To the north of Edinburgh, across the Firth of Forth, Central Scotland's varied landscape embraces deep and shadowy glens, jagged-edged mountains and the well-walked hills of the Trossachs. It's here you'll find impressive Stirling castle and, on the coast, prosperous St Andrews, home of golf. Northeast Scotland may seem at first to have less to offer, but you could consider following the Speyside malt whisky trail, taking a walk in the tranquil and majestic valleys of the Angus glens, or making a visit to oil-rich Aberdeen, the nation's third largest city, or Deeside, home to Queen Victoria's "dear paradise", Balmoral.

Most visitors move on from the central belt to Argyll, a sparsely populated territory of sea lochs and mountains. Mainland Argyll points out towards the southernmost reaches of the Hebrides, the long chain of rocky islands necklacing Scotland's Atlantic shoreline. Arran, with its striking granite peaks, and popular Bute, are accessible by ferry from Ardrossan in Ayrshire. From Oban you can reach the gorgeous scenery of Mull, and the quieter islands of Islay and Jura, wonderful places for a walking holiday.

Up along the coast, reached by boat from Mallaig or Kyleakin, is Skye, the most visited of the Hebrides, made famous by the exploits of Flora MacDonald, who smuggled Bonnie Prince Charlie "over the sea to Skye" after his defeat at the Battle of Culloden. The harsh rocky promontories that make up the bulk of the island are serrated by scores of deep sea lochs, together creating some of the western coast's fiercest scenery. The island also boasts the snow-tipped Cuillin, whose clustered summits offer perhaps the most challenging climbing in the country, and the bizarre rock formations of the Quiraing ridge on the Trotternish peninsula. The only settlement of any size is Portree, draped around the cliffs of a narrow bay, but many visitors prefer to explore the isolated hotels, B&Bs and youth hostels scattered across the island.
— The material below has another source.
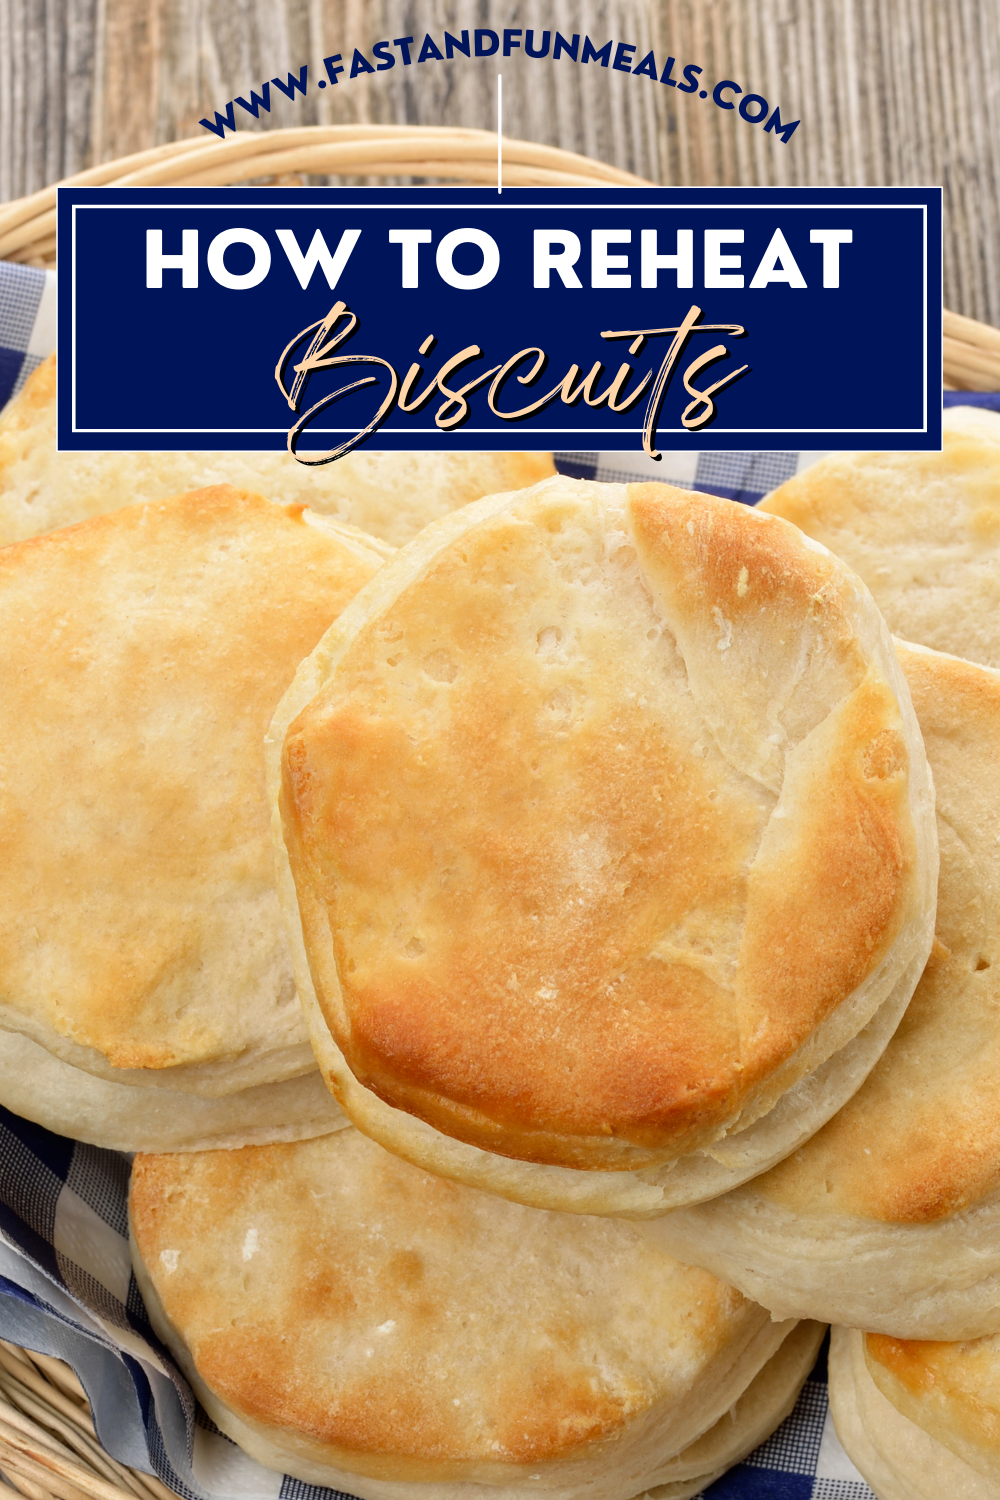 Pin showing the title How to Reheat Biscuits

From Uig, on the west coast of Skye, and from Oban and Ullapool, there are frequent boats across to the Western Isles, an elongated archipelago extending south from the single island of Lewis and Harris, to the uninhabited islets below Barra. The Isles are some of the last bastions of the Gaelic language, and you'll find most road signs in Gaelic only. Of the islands, Lewis is distinguished by the prehistoric standing stones of Calanais (Callanish), one of the best-preserved monuments of its type in Europe, while North Harris possesses a remarkably hostile landscape of forbiddingly bare mountains giving way to the wide sandy beaches and lunar-like hills of South Harris.

Back on the mainland, the Highlands, whose multitude of mountains, sea cliffs, glens and lochs cover the northern two-thirds of the country, is the region which best represents the tourist image of wild Scotland. Its great popularity belies its stark remoteness, despite a number of internationally known sights, not least Loch Ness, midway along the Great Glen and home to the eponymous monster. Inverness, near the site of the Battle of Culloden, is an obvious base for exploring the region, although Fort William, at the opposite end of the Great Glen close by Ben Nevis, Scotland's highest peak, is a possible alternative, especially if you're heading west.

In the far north, boats leave for the cluster of islands that make up the agricultural Orkney Islands. By far the most picturesque town is the port of Stromness, the main point of arrival for those coming by boat, while the capital, Kirkwall, boasts a magnificent medieval cathedral. Further on, 200 miles north of Aberdeen, are the much more rugged Shetland Islands, where the bustling and historic harbour at Lerwick shelters craft from every corner of the North Atlantic. Orkney and Shetland, both with a rich Norse heritage, differ not only from each other, but also quite distinctly, in dialect and culture, from mainland Scotland. These far-flung, sea- and wind-buffeted islands offer some of the country's wildest scenery, finest bird-watching and most fascinating archeological remains.